The Nomad nodded.  “Directions as well.  I’ll be needing to know at least where to head next.”  He stepped aside as Melinda tapped him on the shoulder.  Before he was able to even say anything to her, a sharp snap of air passed between them and the pretty Law Keeper with the blue eyes crumpled.

          A scream sounded inside as part of Melinda’s brains splattered across the entrance to the inn.  The faint crack of the Snipers shot passed over them.
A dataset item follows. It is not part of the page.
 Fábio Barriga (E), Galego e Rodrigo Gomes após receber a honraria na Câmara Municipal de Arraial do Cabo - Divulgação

Abby fell over backwards, her legs pushing against the floor as all the color drained out of her face. She clutched her midsection, blood pouring out from between her fingers.  Wordless sounds of pain escaped her lips as she pushed backwards against the table she had slumped by.

          The Gigolo and Nomad had darted inside immediately, the latter slamming the door behind them and taking cover.  The Gigolo slid to Abby’s side and pressed his hand to her midsection, applying pressure to her wound as she had lost the strength to.  Mikee scrambled to the windows, a large scatter rifle in his hands. He peered out and shook his head.  “I don’t see him anywhere!”
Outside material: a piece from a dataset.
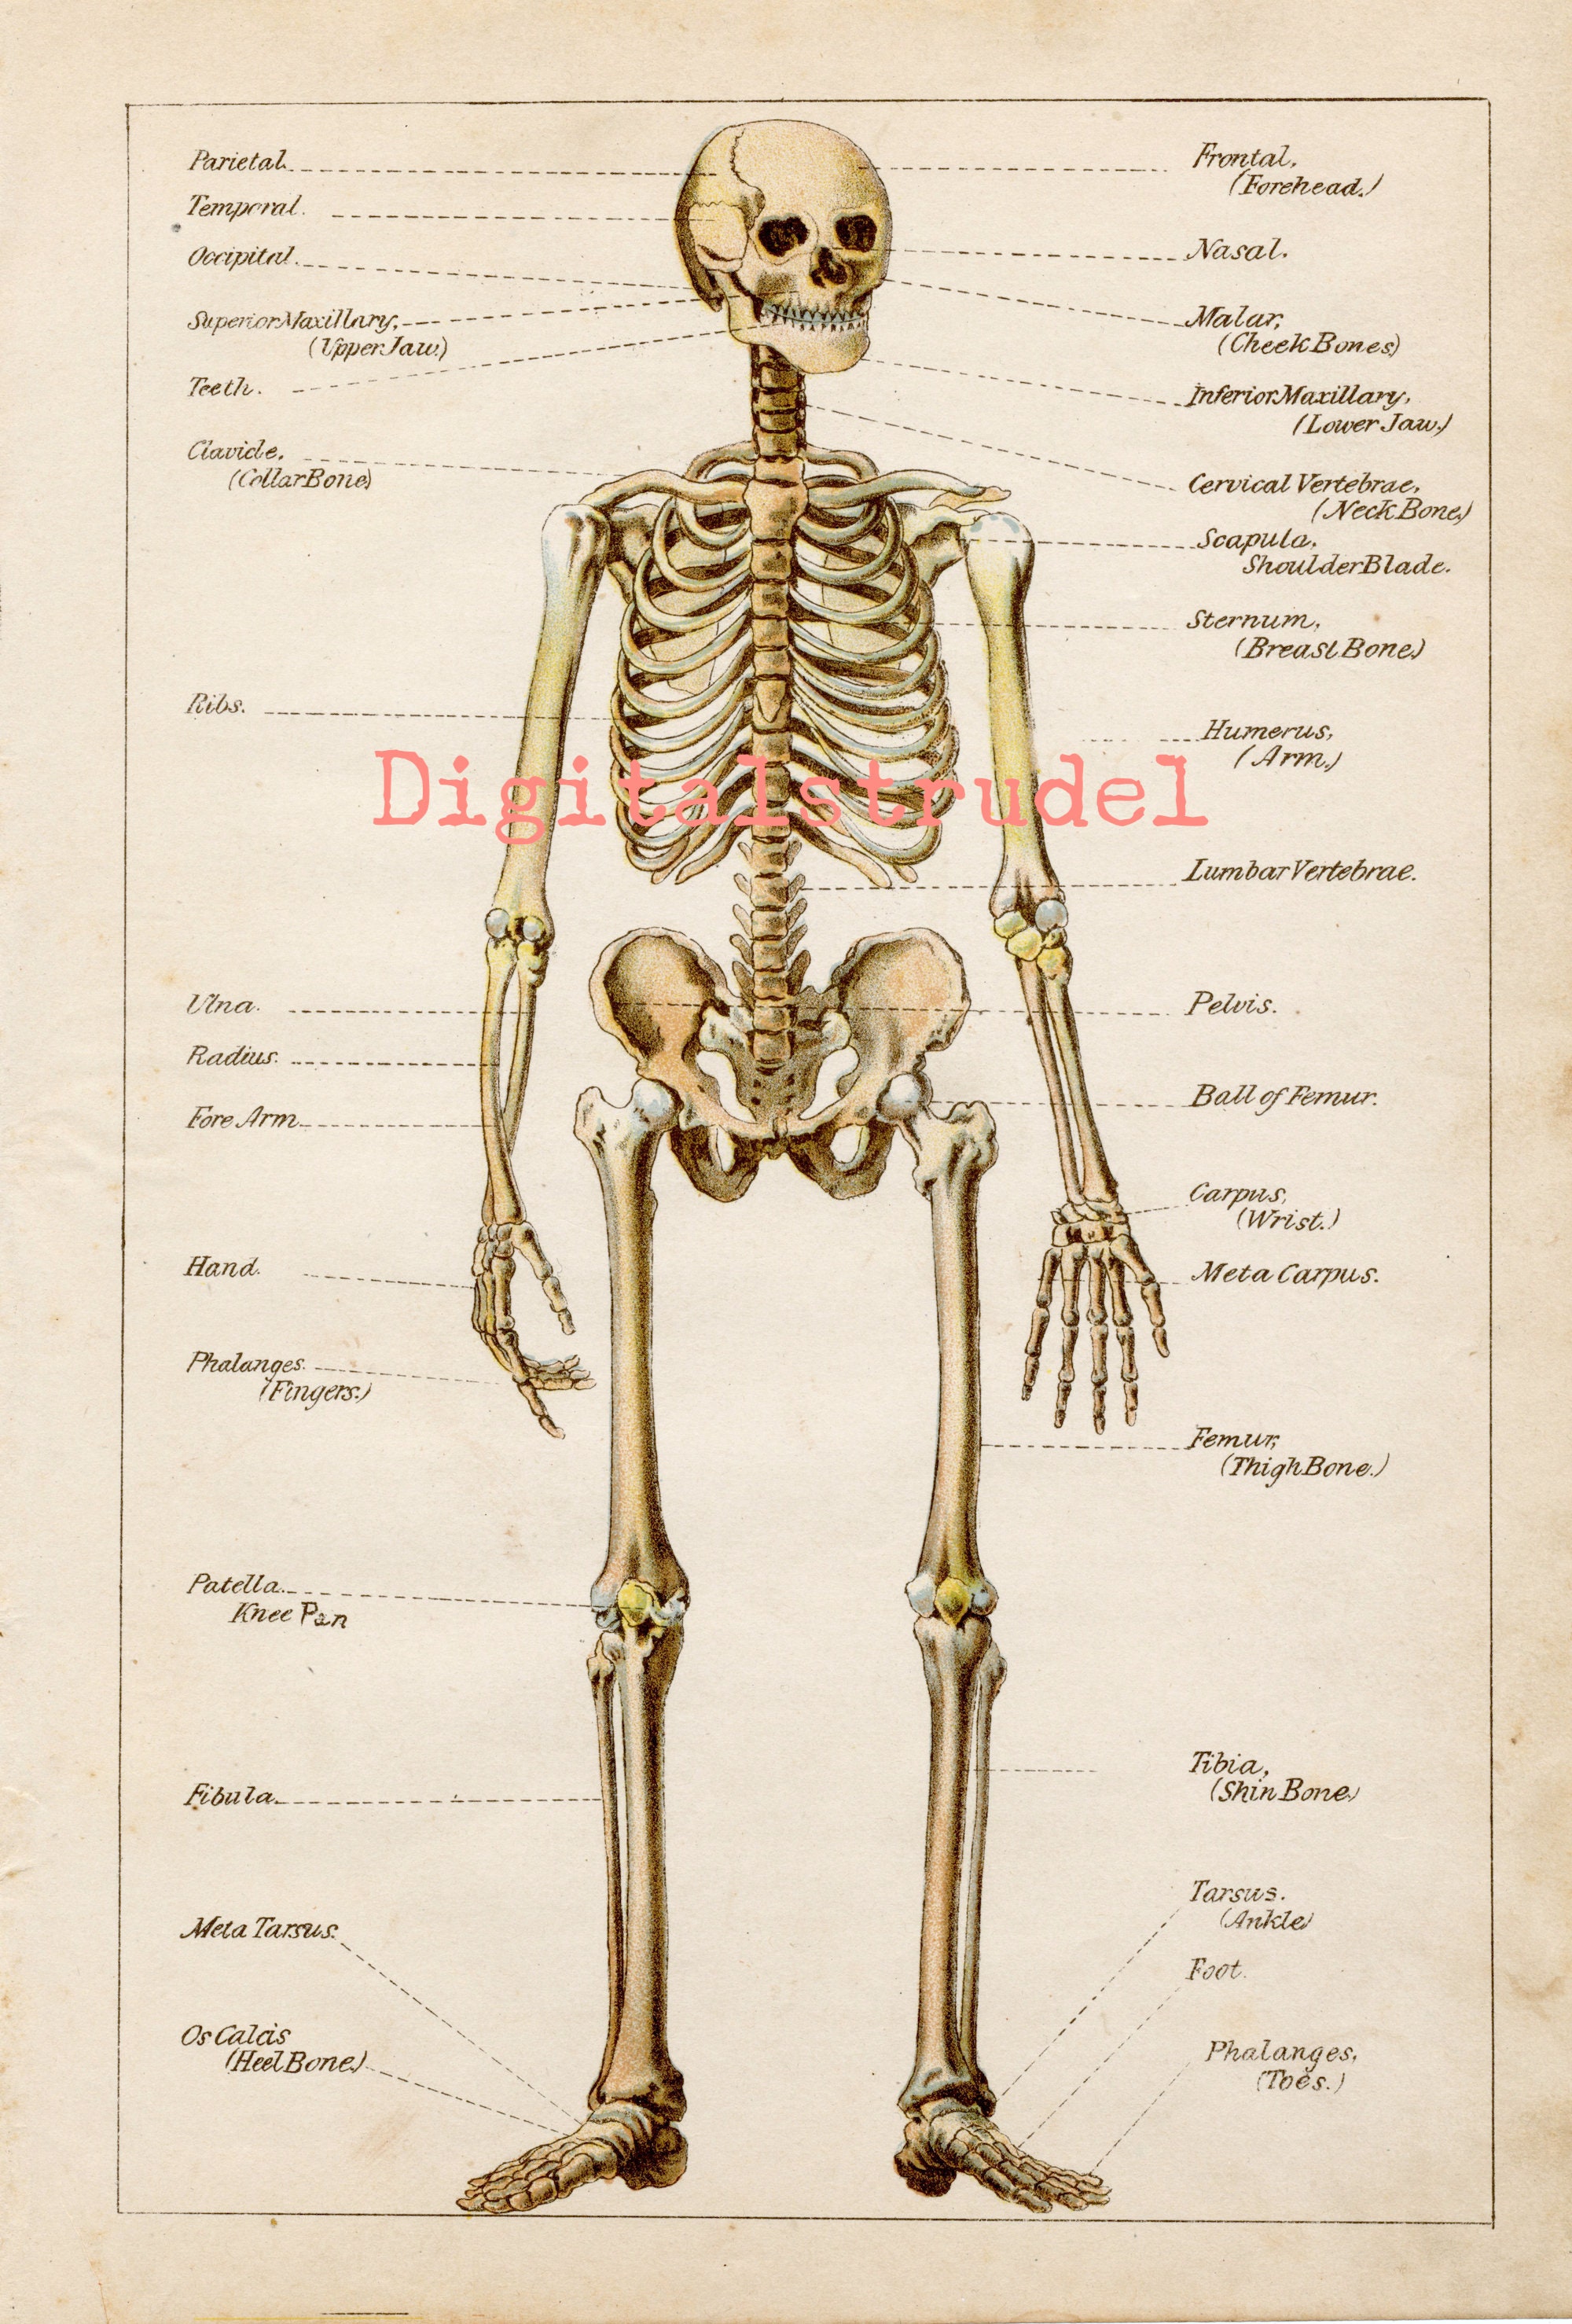 Skelettsystem: Anatomie, Knochen und Funktion

The Nomad kicked Mikees leg out from under him.  “Get down! He’s a sniper, and you’re sticking your face in windows.”

          “Abby needs help!  I have to get the doctor!”  The Gigolo sounded frantic.  The Nomad crawled on his stomach over to them and took a clean cloth out of his medical pouch, all that was left of his meager supplies. He lifted the Gigolos hand and a grim look came over his face.

He pressed the cloth to the wound and shook his head.  “The bullet punched through her kidney, that’s arterial bleeding. I’m sorry. I didn’t mean to bring this on you.”

          The table above him blew splinters as another diamond/carbon tipped round punched through it. The Nomad rolled to his side as more rounds punched through the front of the building.  Mikee smashed out the window and fired blindly in the direction the rounds were coming from as the Nomad scrambled to hide behind the brick fireplace.

          Two kilometers away, the Sniper lay out on his blanket, on a grassy hilltop. “Little bastard…he’s quick on his feet.  Should have tried for a closer spot.”  He peered through the high-tech scope again, seeing the thermal image of the Nomad hunkered behind black squares. Anything solid black with a red outline on the scope was registered as something his rounds couldn’t pierce.  Based on the shape, he guessed the Nomad was hiding behind a fireplace.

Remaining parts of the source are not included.